Брэкман закатил глаза.
– О боже, – ты что, серьезно? – сказал он. – Да это же самый что ни на есть шут гороховый, посмешище всего взвода!
– Шутишь? – сказал второй сержант.
– Шучу – черта с два! – сказал Брэкман. – Ты только посмотри на него – битых десять минут стоит под душем, а к мылу и не притронулся! Дядек! Проснись, Дядек!
Дядек вздрогнул, пробудился от дремоты под тепловатым дождем. Он вопросительно, с беззащитной готовностью повиноваться, взглянул на Брэкмана.
– Да намылься ты, Дядек! – сказал Брэкман. – Намылься хоть разок, ради Христа!
И вот в каре на железном плацу Дядек стоял навытяжку, как и все прочие.

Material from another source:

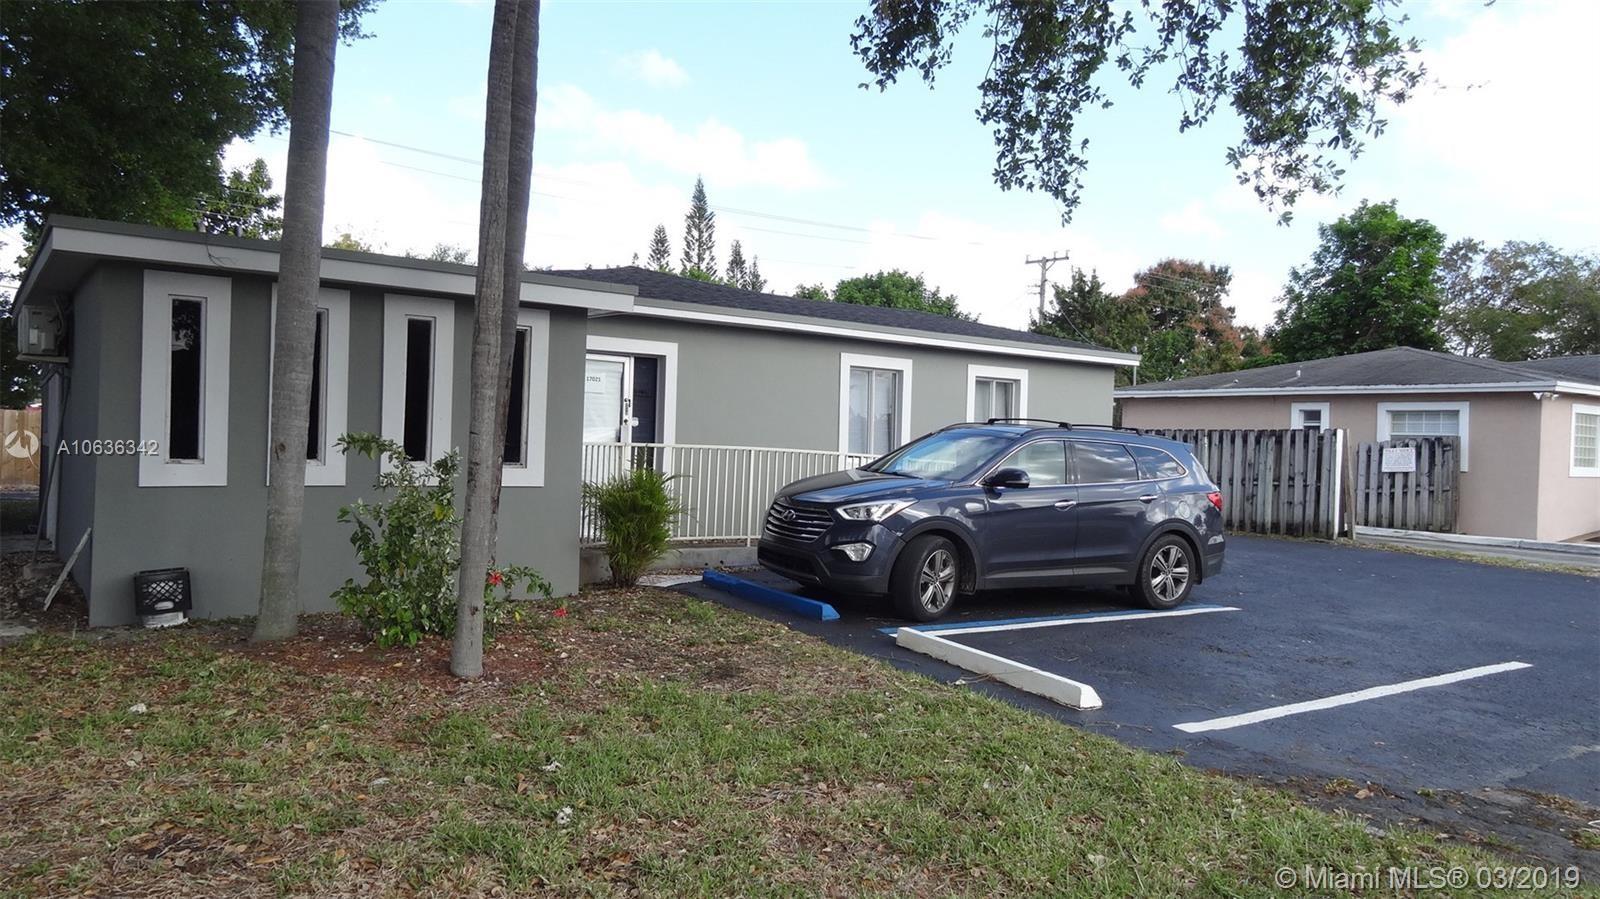 17021 NE 6th Ave, North Miami Beach, FL 33162

В центре каре стоял каменный столб с прикрепленными к нему железными кольцами. Сквозь кольца были пропущены лязгающие цепи, которыми был туго прикручен к столбу рыжеголовый солдат. Он был чистоплотным солдатом, но аккуратным его не назовешь все его награды и знаки различия были сорваны, и не было на нем ни ремня, ни галстука, ни белоснежных гетр.
Все остальные, и Дядек в том числе, были при полном параде. На всех остальных было любо посмотреть.

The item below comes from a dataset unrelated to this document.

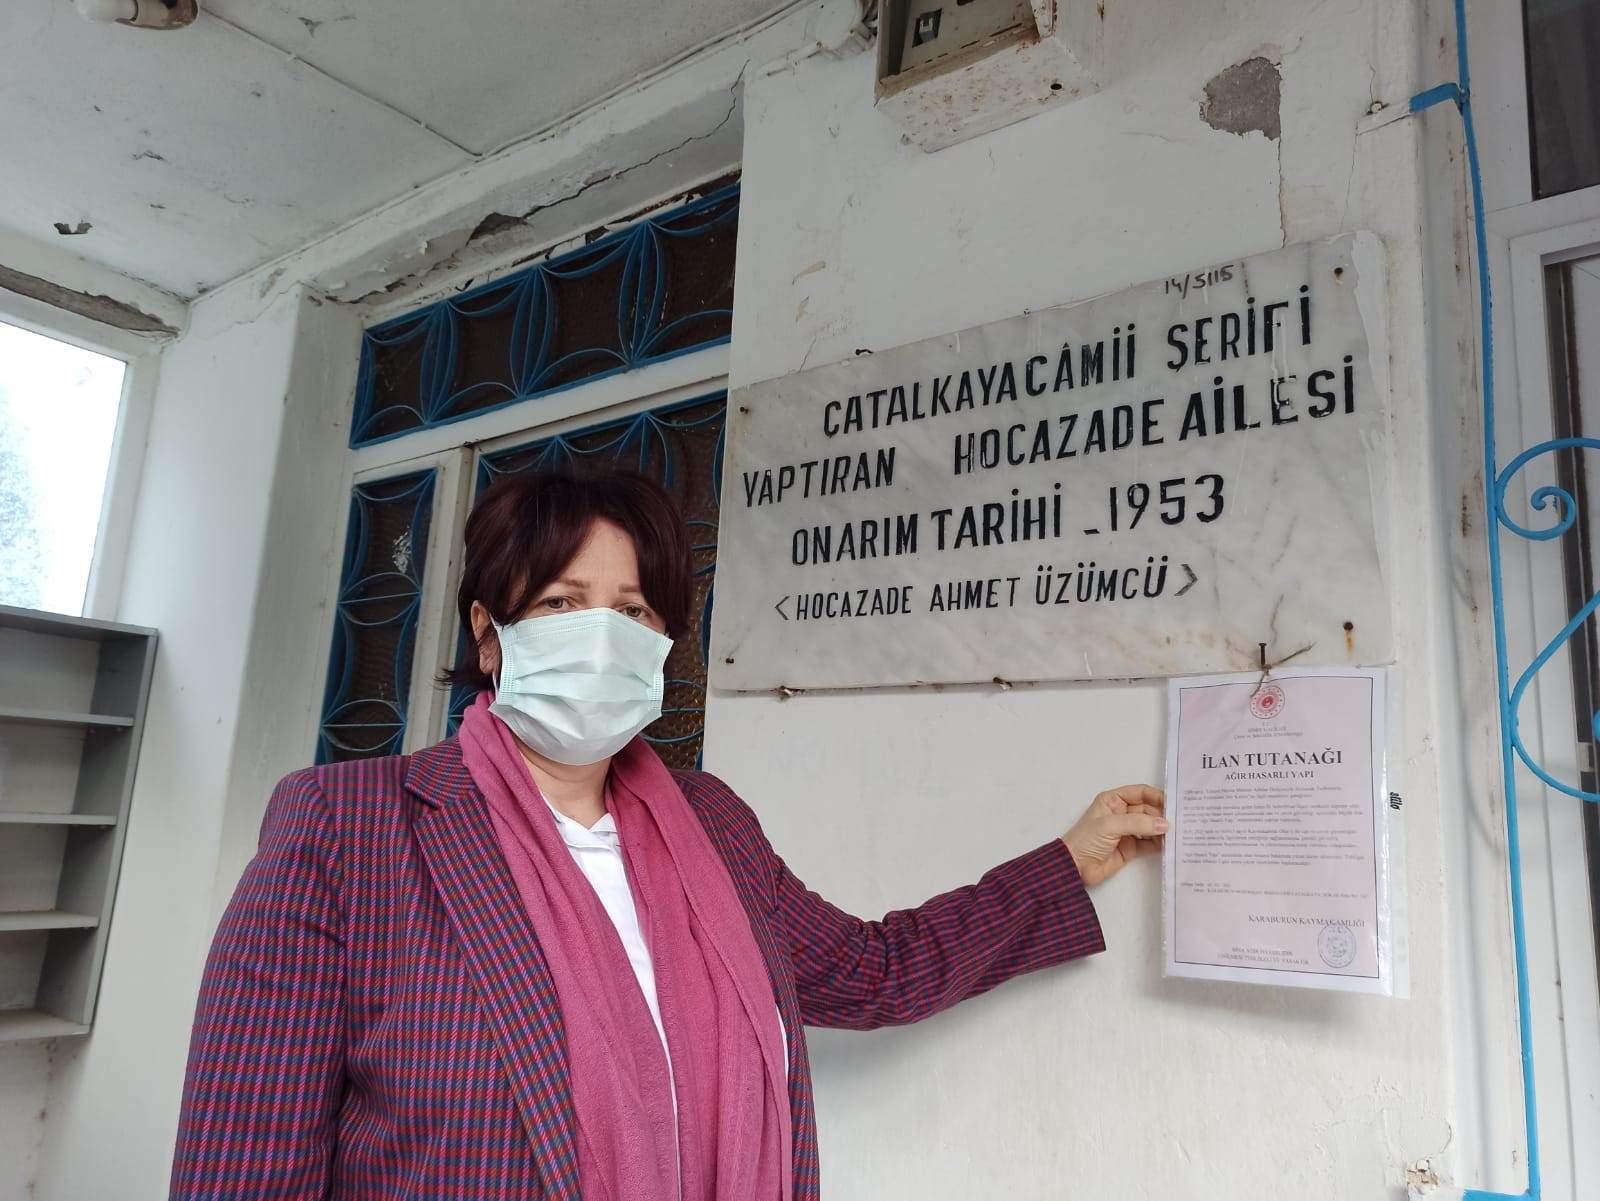 """BİR """"YIKMAYIN"""" ÇAĞRISI DA ÇATALKAYA CAMİSİ İÇİN!"""

С человеком у столба должно было случиться что-то страшное – что-то такое, чего человек стремился избежать любой ценой, что-то, от чего и уклониться было нельзя – цепи не пускали.
А всем остальным солдатам предстояло быть зрителями.
Этому событию придавалось большое значение.
Даже солдат у столба стоял навытяжку – как подобает бравому солдату, применительно к обстановке, как его учили.
И опять – без какого бы то ни было видимого или слышимого сигнала все десять тысяч человек, как один, приняли строевую стойку «вольно».
И человек у столба – тоже.
Затем солдаты встали еще более непринужденно по команде «вольно». По этой команде полагалось стоять свободно, но не выходить из строя и не разговаривать в строю. Теперь солдатам было дозволено о чем-то подумать, оглядеться, обменяться взглядами с кем-то, если было с кем, или было о чем сказать.
Человек у столба натянул цепи и вытянул шею, прикидывая на глаз высоту столба, к которому он был прикручен цепями. Можно было подумать, что он старается точно угадать высоту столба и состав породы, из которой он сделан, в надежде, что отыщет какой-нибудь научный способ сбежать отсюда.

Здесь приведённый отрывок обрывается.